A reproduction by F.E. Buffmire from a painting by F.C. Yohn.

"Another such victory would destroy the British Army."

—CHARLES JAMES Fox.

THE BATTLE OF GUILFORD COURTHOUSE, fought March 15, 1781, marked the beginning of the end of the Revolutionary struggle. It was a British victory, but a victory which left the enemy so weak that it caused them to lose the campaign in the Southern Colonies—a victory that started the armies of Cornwallis on the road to Yorktown and surrender.

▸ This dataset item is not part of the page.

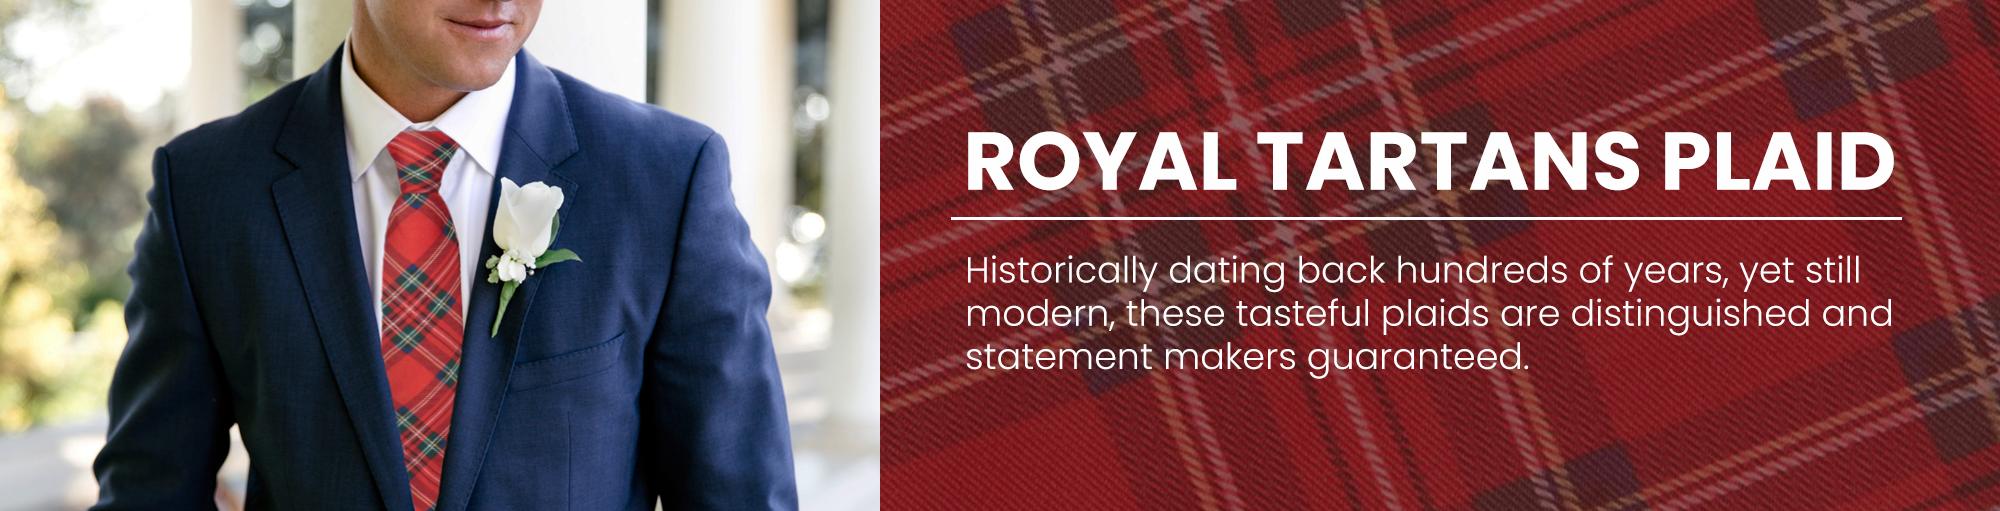 Royal Tartans Plaid

Inscribed on the Nathanael Greene monument in the park is this statement on the significance of the battle by C. Alphonso Smith:

In the maneuvering that preceded it, in the strategy that compelled it, in the heroism that signalized it, and in the results that flowed from it, the Battle of Guilford Court House is second to no battle fought on American soil. Over the brave men who fell here their comrades marched to ultimate victory at Yorktown, and the cause of constitutional self-government to assured triumph at Philadelphia. To officer and private, to Continental soldier and volunteer militiaman, honor and award are alike due. They need neither defense nor eulogy but only just recognition. . . .

bayonet


The Southern Campaign

The campaign climaxed by the Battle of Guilford Courthouse began more than 2 years earlier. In 1778, with the war approaching a stalemate in the North, the British authorities adopted a new plan to transfer operations to the South, an area relatively untouched by the war up to that time. They planned to overrun the Southern Colonies successively from Georgia northward in the belief that little more than a parade of British might would be necessary to restore those Colonies to normal relations with the Crown.